In conjunction with The Chartered Governance Institute, today we have published guidance around the Corporate Insolvency and Governance Act 2020 that provides advice to charities, social enterprises and mutuals about insolvency.
A separate piece of guidance about holding meetings during the current pandemic has also been published.
Louise Thomson, Head of Policy (Not for Profit) at The Chartered Governance Institute comments:
“COVID-19 has had a significant financial impact on organisations, but a group particularly hard-hit is the not-for-profit and social enterprise sector. The lockdown period has seen a surge in demand for services, such as support for mental health, social care, homelessness and domestic violence, but this has coincided with lost fundraising income and increased operating costs. Welcome assistance has been announced in the Corporate Insolvency and Governance Act 2020, which has recently come into force and is intended to provide organisations with breathing space to continue to trade. The guidance that we have produced jointly with Bates Wells is intended to show charities, social enterprises and mutuals which are in financial difficulty how the Act could benefit their organisation.
“We have also produced guidance about meetings as the Act has given temporary freedoms to the sector in this respect. That guidance has been designed to help charities, social enterprises and mutuals which may be planning their AGM, need to pass members’ resolutions in the coming months or have already held their AGM (as the measures have retrospective effect). The new measures also provide a helpful opportunity for organisations to amend their governing documents so that members’ meetings can be held more flexibly in the future, particularly as the flexibility offered by the Act will only last until 30 September 2020 (unless extended by secondary legislation).”
The insolvency guidance provides advice about what charities, social enterprises and mutuals need to consider in relation to their current financial situation, including their legal form, solvency and trustees’ duties. It also covers what to avoid if there is a risk of insolvency, such as wrongful trading, preferring some creditors over others, transactions at an undervalue and fraudulent trading, and highlights practical steps, such as alertness to warning signs. The guidance also lays out how the changes to insolvency law in the Act might help during the pandemic and beyond.
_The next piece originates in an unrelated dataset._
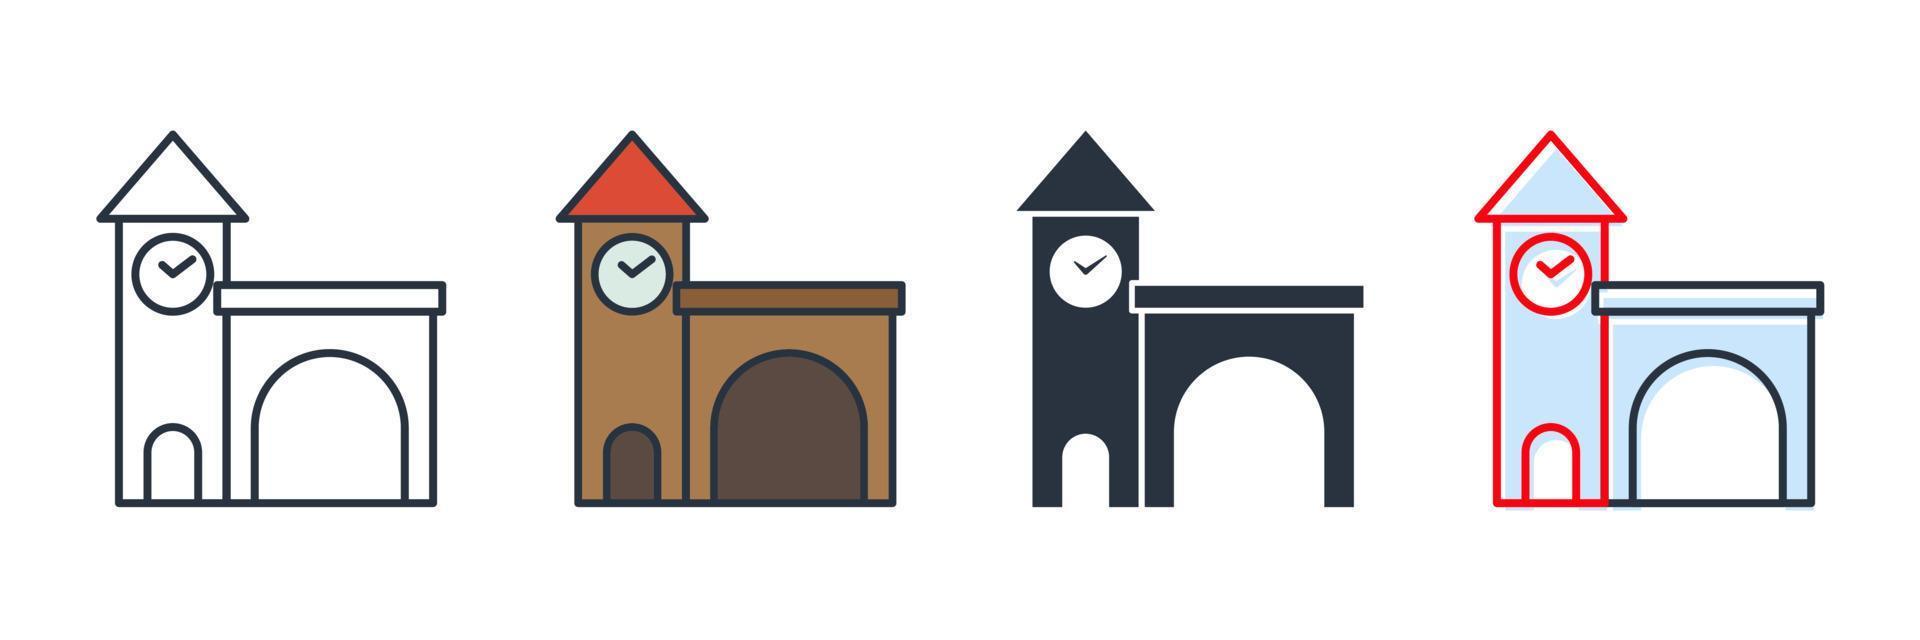 Ilustración de vector de logotipo de icono de edificio de estación de ferrocarril. plantilla de símbolo de estación de tren para la colección de diseño gráfico y web

Simon Steeden, Charity and Social Enterprise Partner at Bates Wells adds:
“There are a number of measures brought in by the Act that could provide some help to charities, social enterprises and mutuals in these very difficult times. Temporary measures include the suspension of directors’ liabilities for wrongful trading and the prohibition on presentation of winding-up petitions. Other measures introduced by the Act are permanent, including the introduction of a new ‘company moratorium’, a new ‘restructuring scheme’ and the nullifying of clauses in supply contracts. It is important for organisations to be clear which measures will end in September 2020. If an organisation is in financial difficulty, trustees may need to consider both the best interests of the charity and the interest of creditors. It will generally be advisable to check the extent of any trustee indemnity insurance, minute meetings carefully, thoroughly review income and expenditure, talk to creditors about having more time to pay, choose when and how to use assets and possibly also consider any options to collaborate or merge.
“On the subject of meetings, it is essential that charities check their governing documents to see what flexibility is already allowed and consider how to keep members engaged if it is determined that general meetings in physical format are not possible in the current circumstances. Now would also be a good time for organisations to consider amending their governing document to permit flexibility in the future. We are still in the first phase of the pandemic, with future lockdowns a real possibility, so ensuring that governing documents allow the freedom to hold virtual or hybrid meetings in the future would be a sensible approach.”